It gives you unlimited O1, I think, or mostly unlimited O1. It gives you access to O1 Pro. It gives you Sora as well. And I think the indication he was giving was that the people who are paying for it are using it so heavily that they're blowing through the amount of money.
This is what it's like movie pass for compute. We're like the only people that actually movie pass being this.
I'm glad that you know that you need to explain that. I'm glad that you know that movie pass is not like the, the Harvard business case study that everybody knows.
And I'm glad that you agree that it should be. I like your implicit judgment of others that it needs explanation. But MoviePass was this idea that sounds great, that like, oh, no, we'll charge you 30 bucks a month. You can go see as many movies as you want. But as it turns out, the people that are most interested in that want to go see a movie every night at a movie theater.
And they were literally losing money on every transaction. It was just like no way to make it work.
The way they implemented it, they just gave their members a credit card to go to the cinema with.
There was a time when Cosmo.com was the canonical example of a... You'll loss on every single transaction. And at some point it was replaced by... by MoviePass, maybe the $200 OpenAI product is now gonna push MoviePass into the dustbin of history and take its rightful place as the product that loses money on every transaction.
I can't believe that Adam has to like blow the whistle on movie pass, but you're able to walk right past Cosmo.com and Adam's got no problem with it. Cosmo.com like a, the, I mean, but this is a famously a.com. This was a real artifact of the.com bubble.

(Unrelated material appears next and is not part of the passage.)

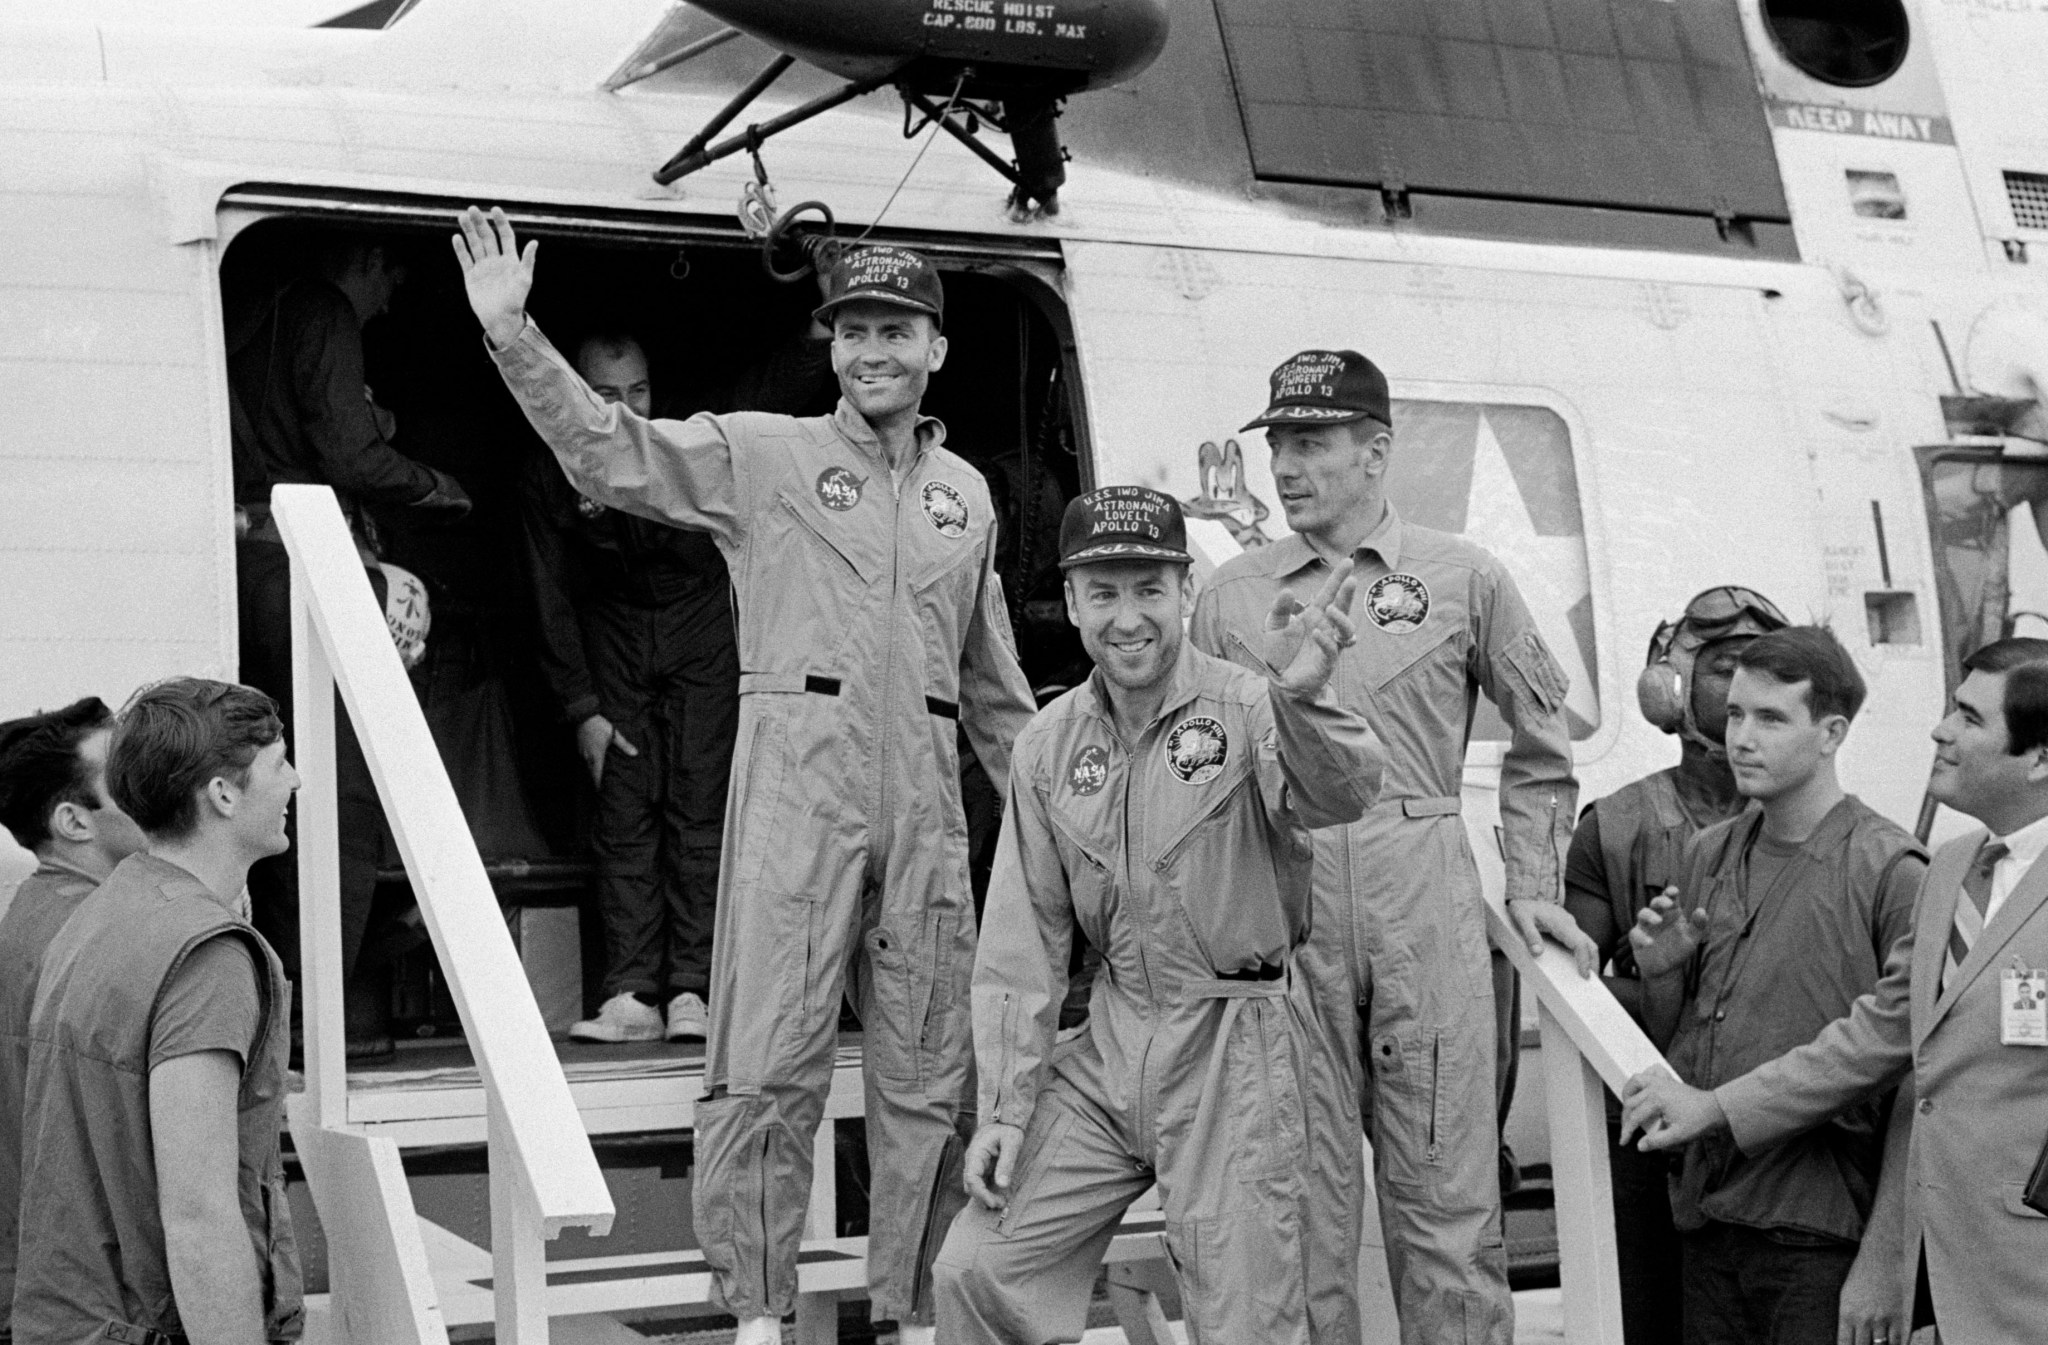 Three Apollo 13 crew members in flight suits wave while aboard USS Iwo Jima ship

And Mike, as I recall, it was like when people were having a Snickers bar delivered and little did we know we would be, it was our teenagers would be door dashing a Snickers bar some 20 years later, but yeah.
You could basically DoorDash a Snickers bar for zero delivery cost.
That's right.
If only they were advanced enough to describe the taxi for your Snickers bar, then it would have been more successful and turned into DoorDash for real.
That's right. It was just ahead of its time as it turns out.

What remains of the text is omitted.